The first step is to make the stock, which you can get started on right after dinner.

Making Stock
1) Remove all the usable turkey meat from the turkey carcass to save for making sandwiches later or for adding to the soup.
2) Put the leftover bones and skin into a large stock pot and cover with water. Add any drippings that weren't used to make gravy, any veggies like celery, onion, or garlic (not stuffing) that had been in the cavity of the turkey, and any giblets (except liver) that haven't been used already.
3) Add salt and pepper, about 1 tsp of salt, 1/2 tsp of pepper. It sort of depends on how big your turkey is. You can always add salt to the soup later.
4) Bring to a boil and reduce heat to bring the stock to a high simmer.
5) Simmer uncovered at least 4 hours, occassionally skimming off the foam that comes to the surface. Often, if we start the soup in the evening, we'll simmer for several hours, turn off the heat, cover with a tight-fitting lid, and leave on the stove for the night. In the morning, we turn the heat back on and bring the soup up to a simmer again. (Reheating the soup this way, and bringing it to a high simmer for at least 10 minutes will kill any microbes that may have made their way into the soup.)
6) Remove the bones and strain the stock.

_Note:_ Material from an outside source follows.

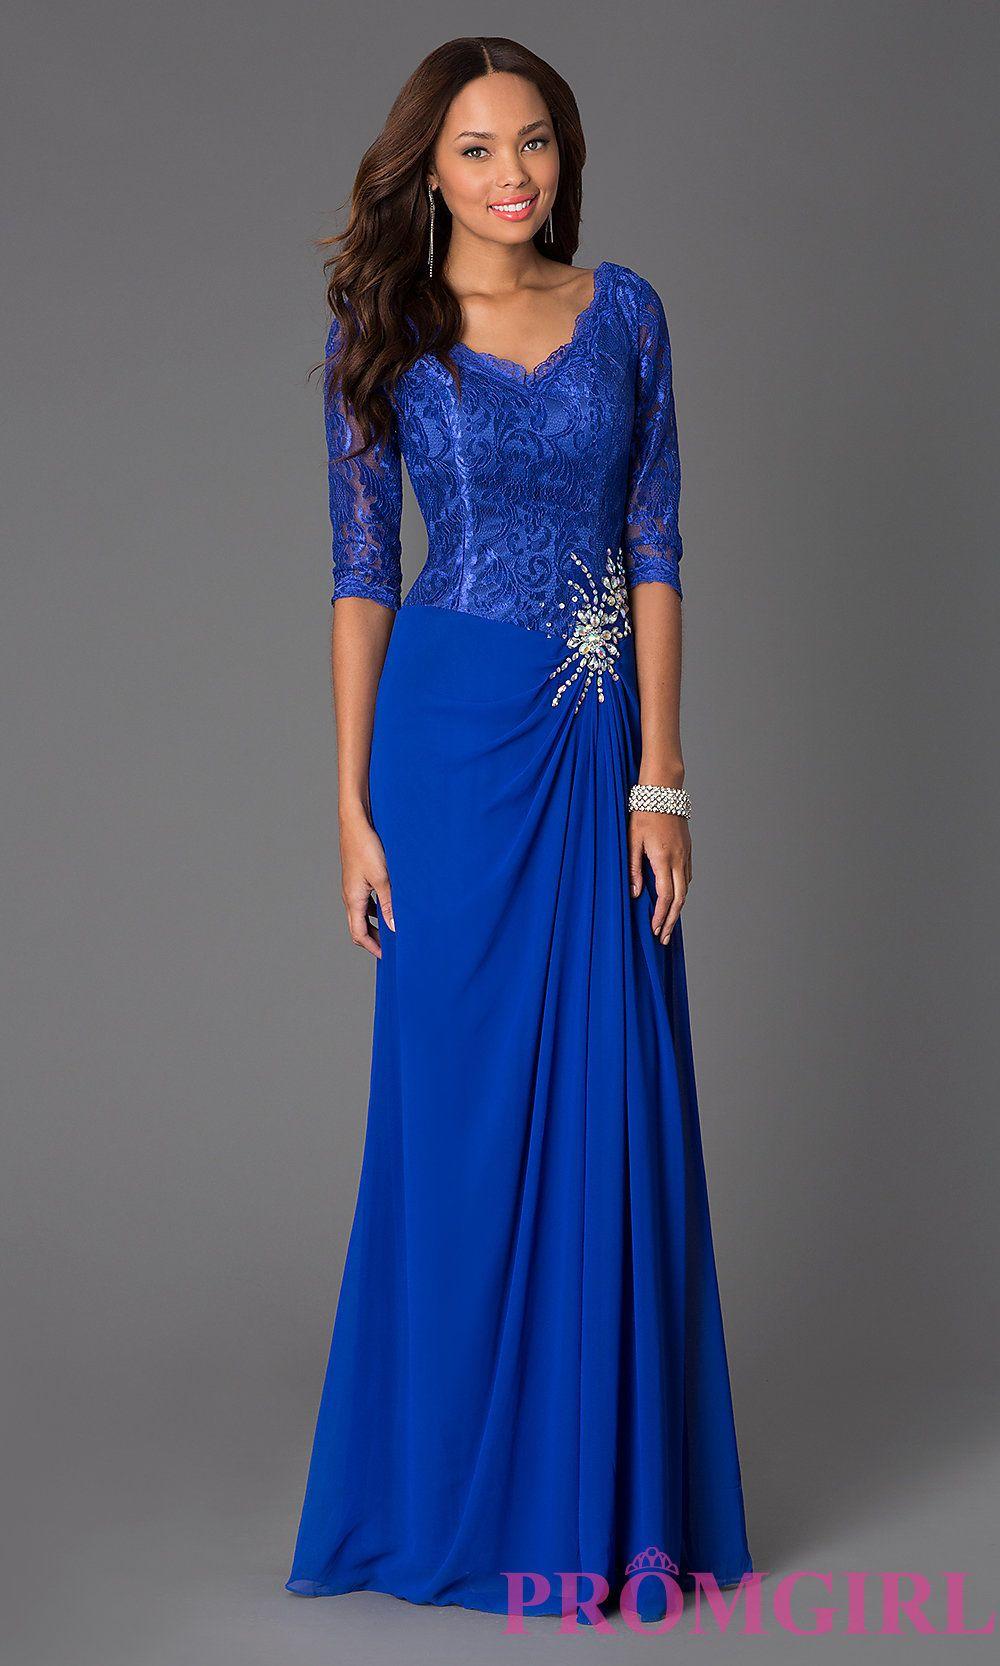 Prom dresses celebrity dresses sexy evening gowns floor length v

7) If making stock for future use in soup you may want to reduce the stock by simmering a few hours longer to make it more concentrated and easier to store.

Making the Turkey Soup
Prepare the turkey soup much as you would a chicken soup. With your stock already made, add chopped carrots, onions, and celery in equal parts. Add some parsley, a couple cloves of garlic. You can add rice or noodles (or not if you want the low carb version). Take some of the remaining turkey meat you reserved earlier, shred it into bite sized pieces and add to the soup. You may also want to add some chopped tomatoes, either fresh or canned. Add seasoning - poultry seasoning, sage, thyme, marjoram and/or a bouillion cube. Add salt and pepper to taste.